Polisi Buru Penyebar Video yang Diduga Hoaks
Kepala Biro Penerangan Masyarakat (Karo Penmas) Divisi Humas Polri Brigjen Dedi Prasetyo mengatakan polisi akan mengusut penyebar hoaks di masyarakat. Salah satunya yaitu akun di media sosial yang menyebarkan video pengeroyokan yang diduga dilakukan polisi terhadap warga di masjid sekitar Tanah Abang, Jakarta Pusat pada 22 Mei.
Dalam video tersebut dijelaskan seorang anak bernama Harun dikeroyok polisi hingga tewas. Namun, menurut Dedi, yang ditangkap polisi dalam video tersebut bukanlah Harun, melainkan Andi Bibir yang masih hidup.
"Pembuktiannya ada analisa yang dilakukan kepolisian dari video. Siapa sebenarnya orang yang ada di video, kemudian kita temukan jejak digitalnya ada celana pendek, ada kaos hitam.

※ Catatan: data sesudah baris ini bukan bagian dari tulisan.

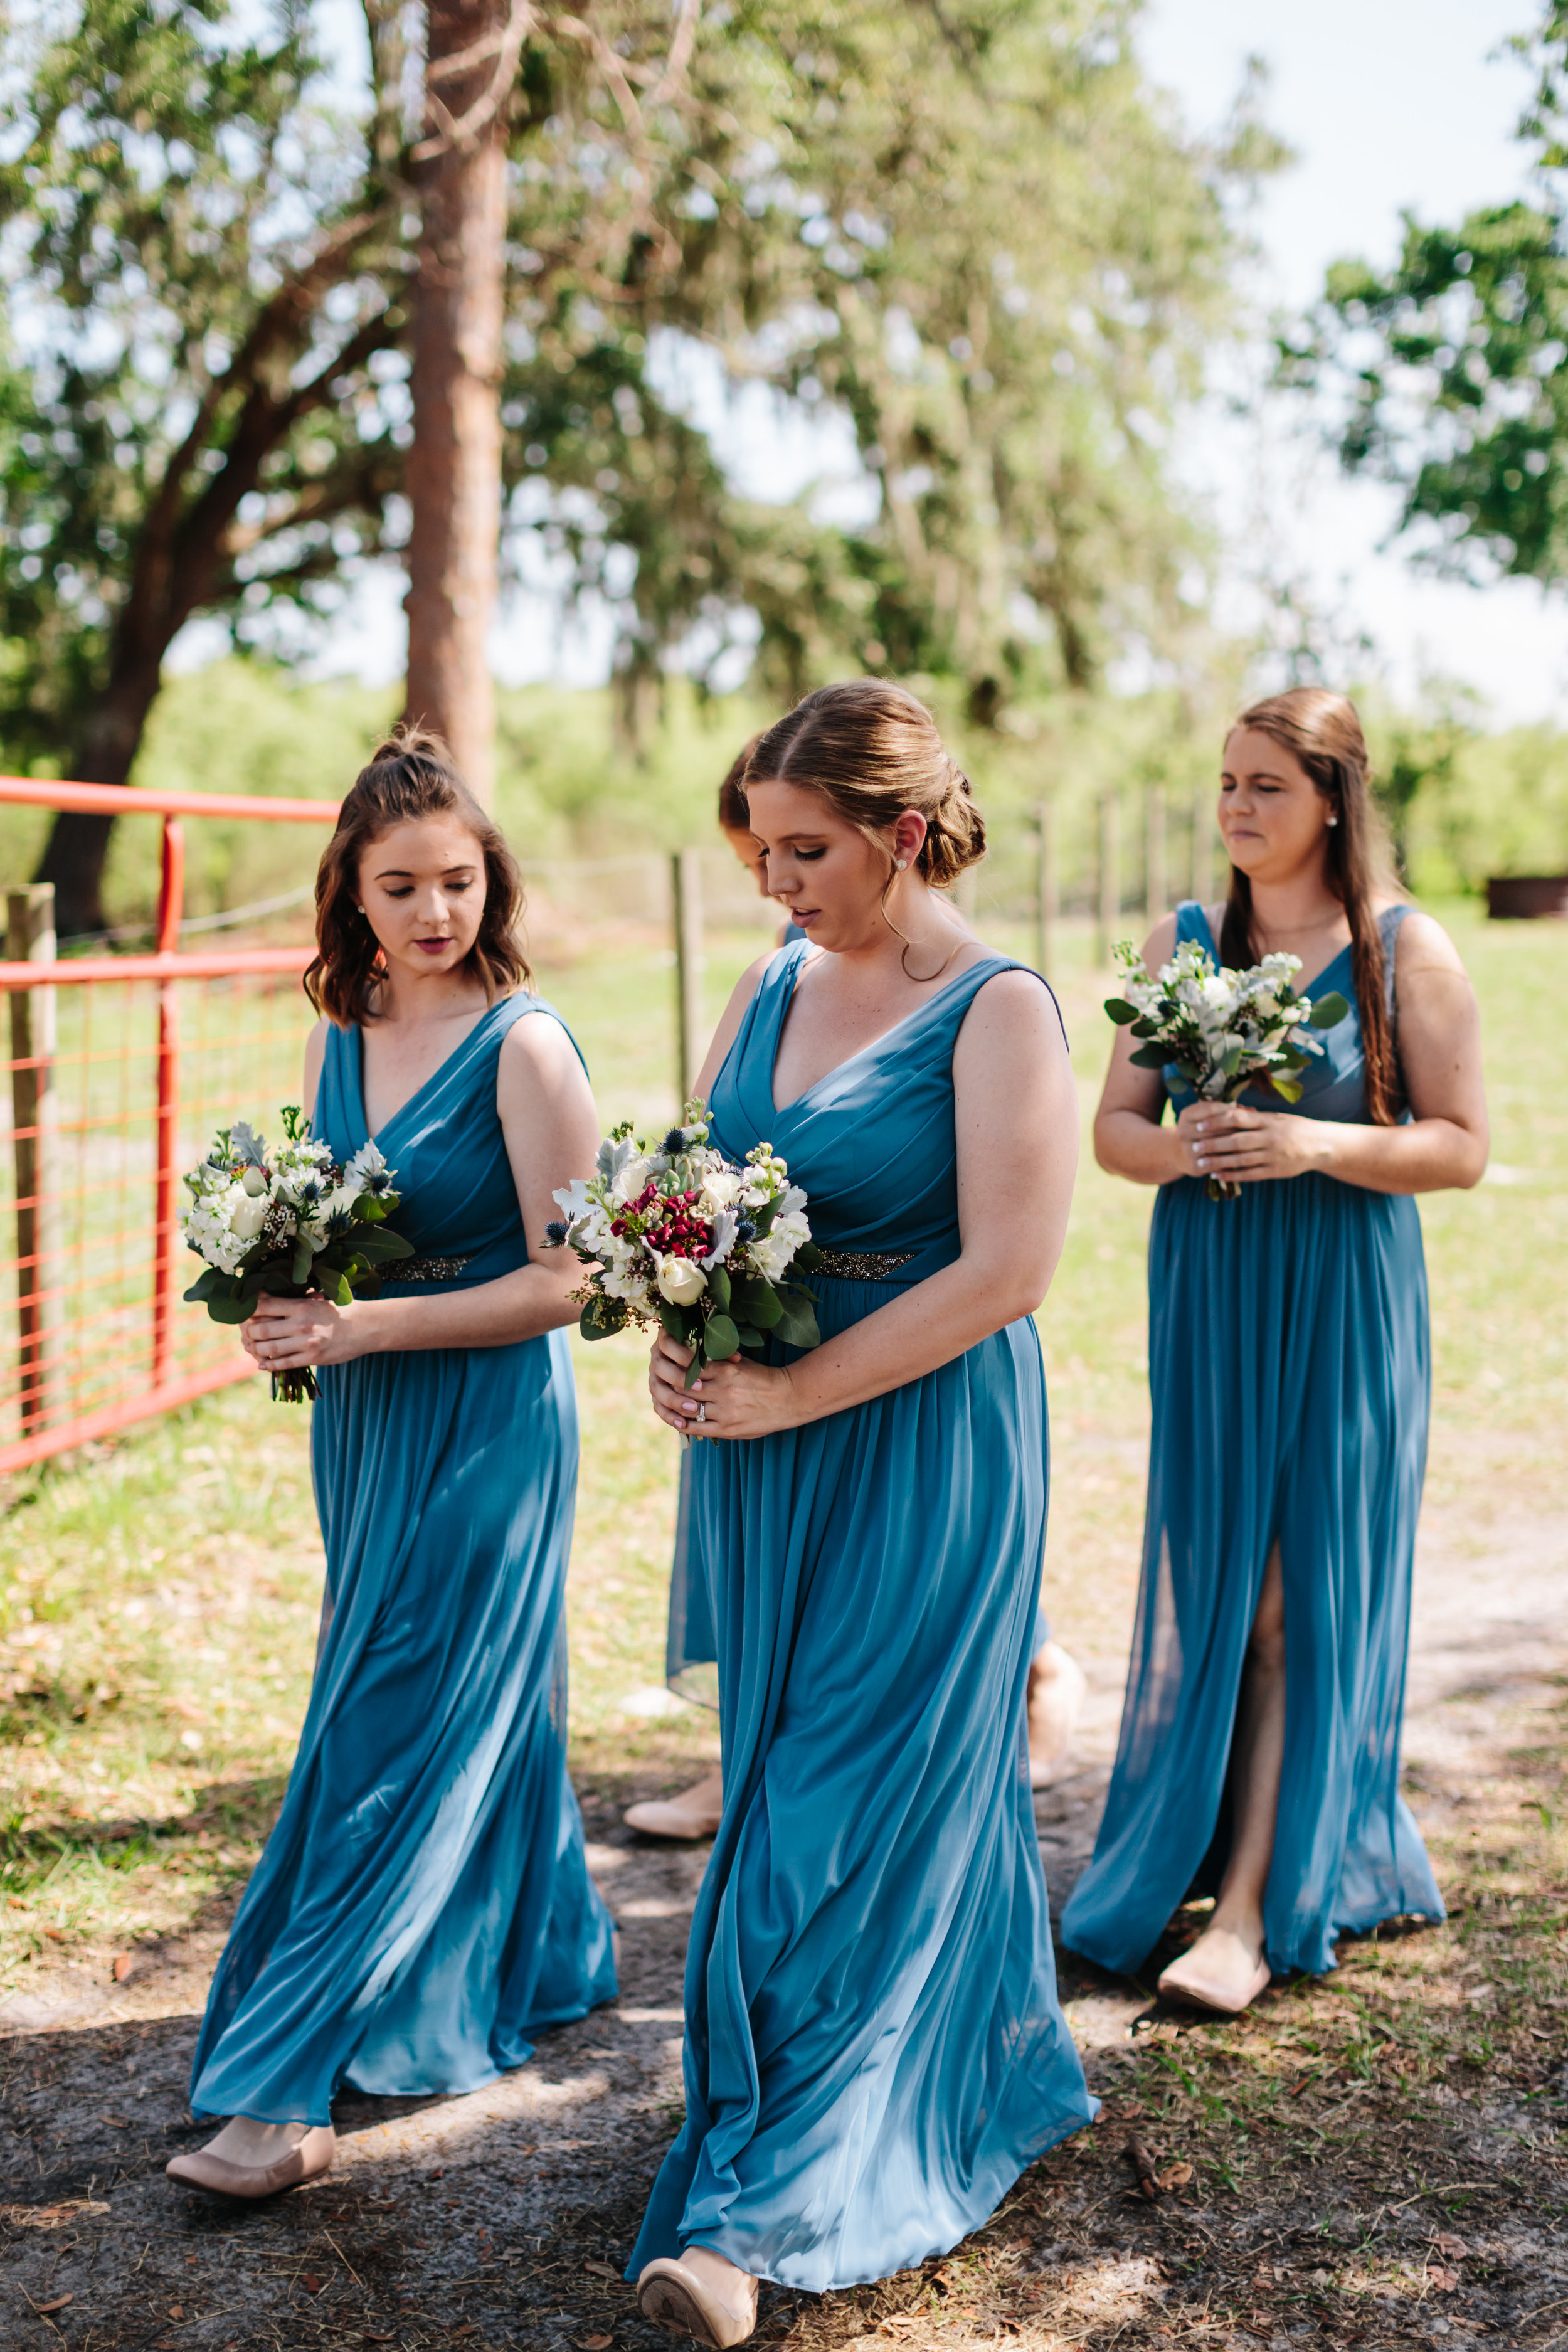 2018.04.14 Zak and Jamisyn Unrue Black Willow Barn Wedding Finals-244.jpg
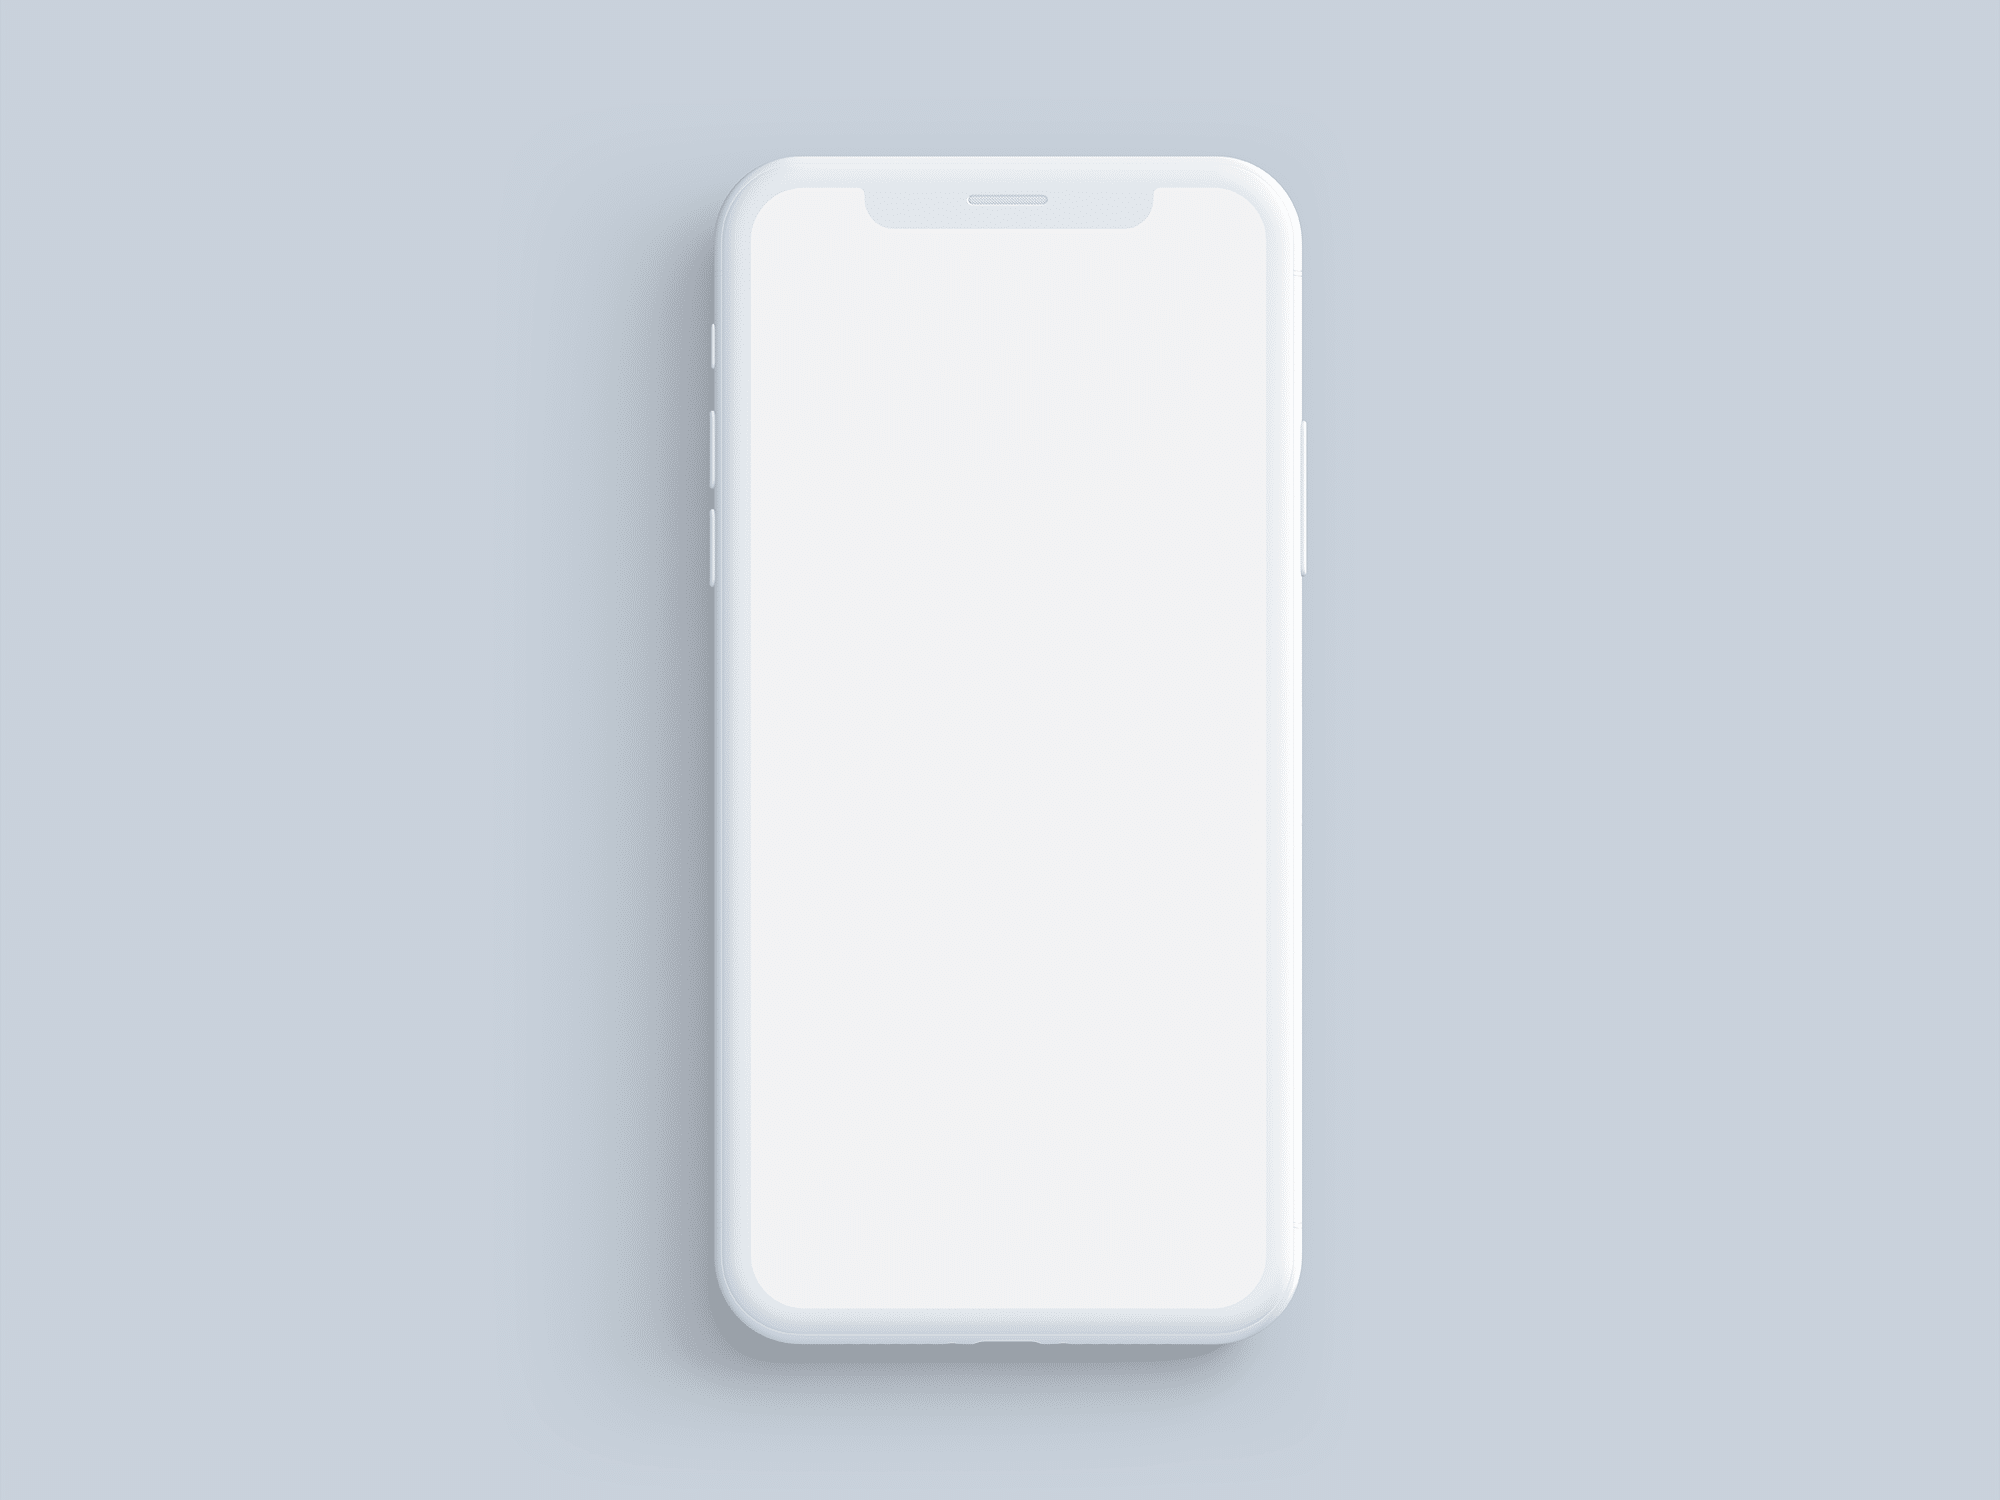 Download Simple Customizable Iphone X Mockups The Mockup Club Iphone Mockup Free Iphone Mockup Imac

Dari penyidik melakukan pendalaman, dan kebetulan pada saat dilakukan penyisiran penyidik menemukan A alias Andi Bibir dan dibawa dirawat ke RS Kramat Jati," jelas Dedi.
Dedi menjelaskan Andi Bibir merupakan satu dari 11 tersangka yang ditangkap polisi saat kerusuhan pada aksi 22 Mei. Andi Bibir berperan sebagai pengumpul batu dan membawa air untuk rekan lainnya. Sementara tersangka lainnya berperan sebagai pelempar batu, botol kaca dan bambu. [sm/em]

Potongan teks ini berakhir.